Drop base64-js dependency, and optimise Buffer.write #349

chjj · 2024-02-04T17:52:42Z

Most string write functions (with the exception of hexWrite) were allocating arrays before copying them onto the buffer. This resulted in significant performance overhead.

This PR modifies said functions to write directly to the buffer. In addition, it drops the dependency on base64-js and adds support for the base64url encoding.

The numbers are as follows:

$ node perf/write-base64.js
OldBuffer.byteLength(8192, "base64") x 24,009 ops/sec ±0.55% (93 runs sampled)
NewBuffer.byteLength(8192, "base64") x 9,548,372 ops/sec ±0.18% (95 runs sampled)

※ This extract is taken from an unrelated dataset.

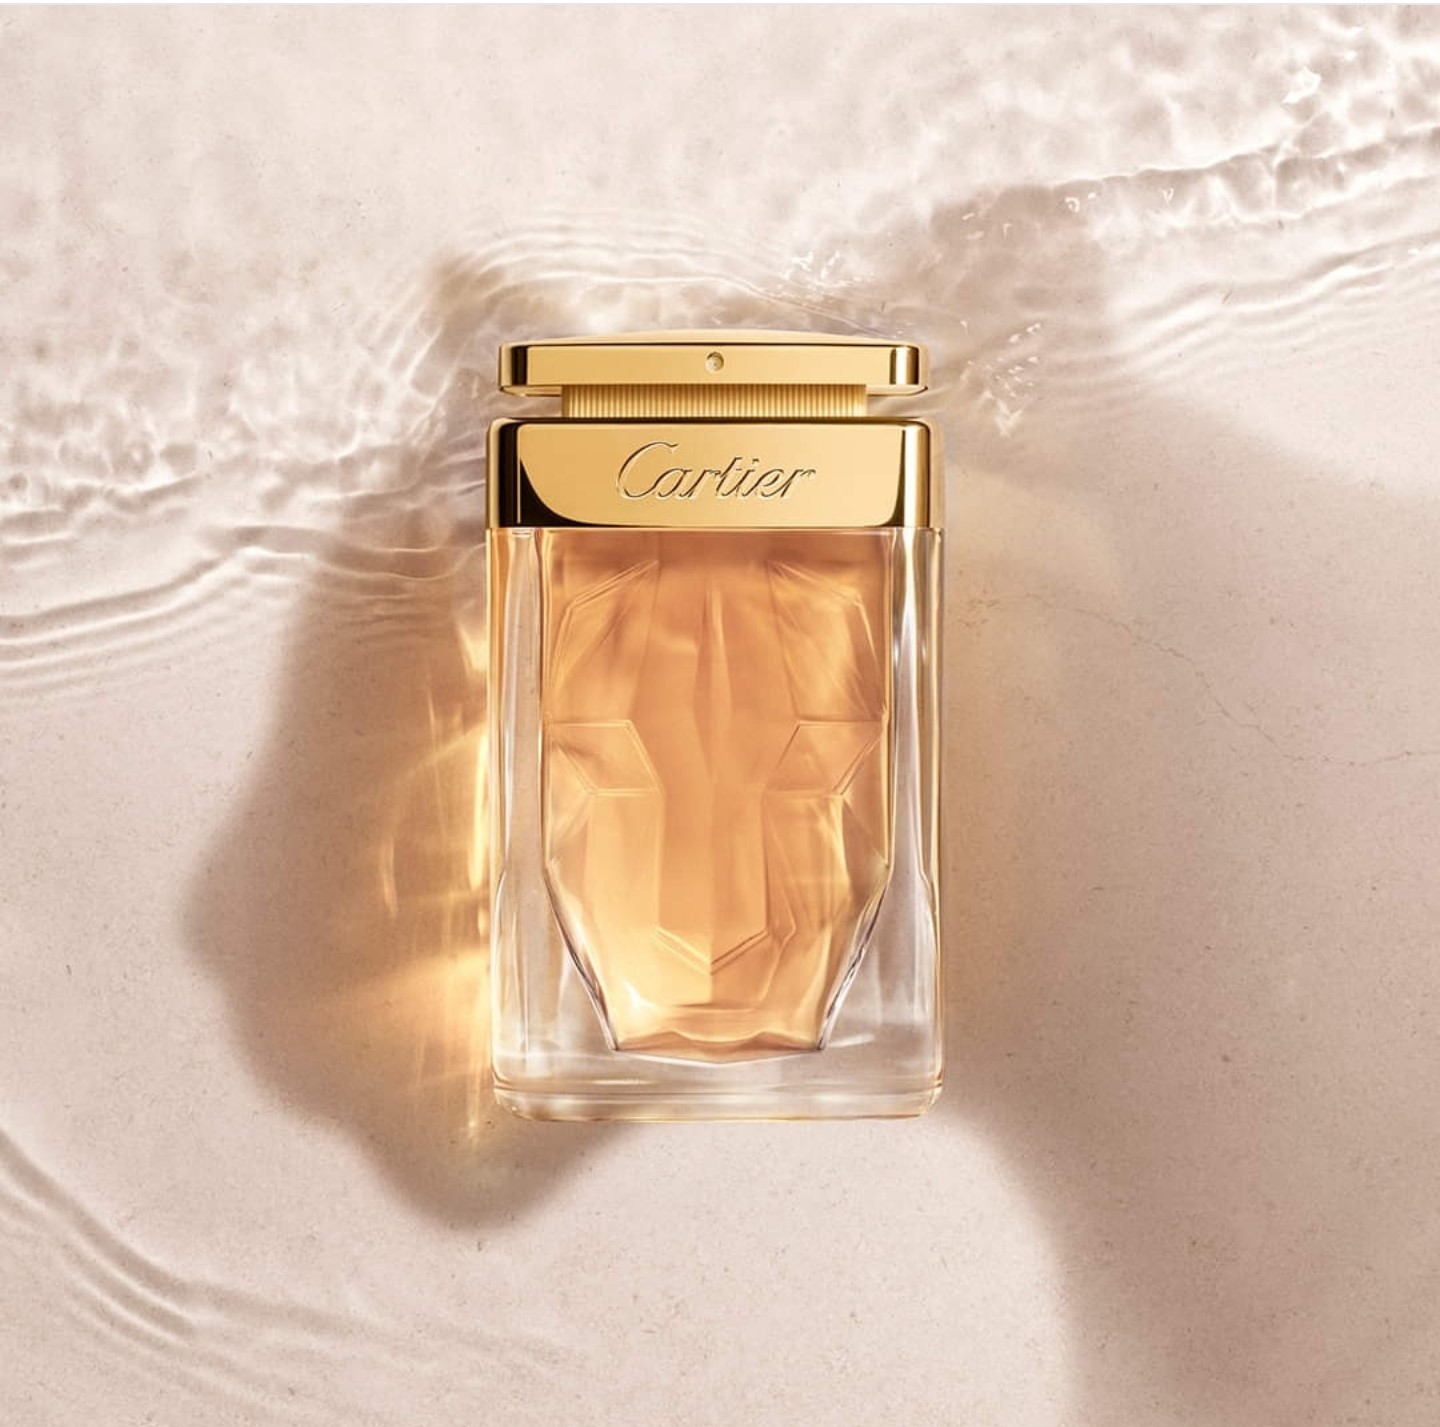 FREE Sample of Cartier La Panthere Eau De Parfum

OldBuffer#write(8192, "base64") x 19,789 ops/sec ±0.49% (95 runs sampled)
NewBuffer#write(8192, "base64") x 22,646 ops/sec ±0.04% (95 runs sampled)

OldBuffer#toString(8192, "base64") x 6,686 ops/sec ±0.39% (87 runs sampled)
NewBuffer#toString(8192, "base64") x 10,735 ops/sec ±0.35% (90 runs sampled)

$ node perf/write-binary.js
OldBuffer#write(8192, "binary") x 13,662 ops/sec ±1.37% (84 runs sampled)
NewBuffer#write(8192, "binary") x 46,397 ops/sec ±0.64% (91 runs sampled)

$ node perf/write-ucs2.js
OldBuffer#write(8192, "ucs2") x 3,537 ops/sec ±0.70% (86 runs sampled)
NewBuffer#write(8192, "ucs2") x 40,422 ops/sec ±1.14% (93 runs sampled)

$ node perf/write-utf8.js
OldBuffer.byteLength(2898, "utf8") x 15,304 ops/sec ±0.87% (85 runs sampled)
NewBuffer.byteLength(2898, "utf8") x 58,197 ops/sec ±0.05% (86 runs sampled)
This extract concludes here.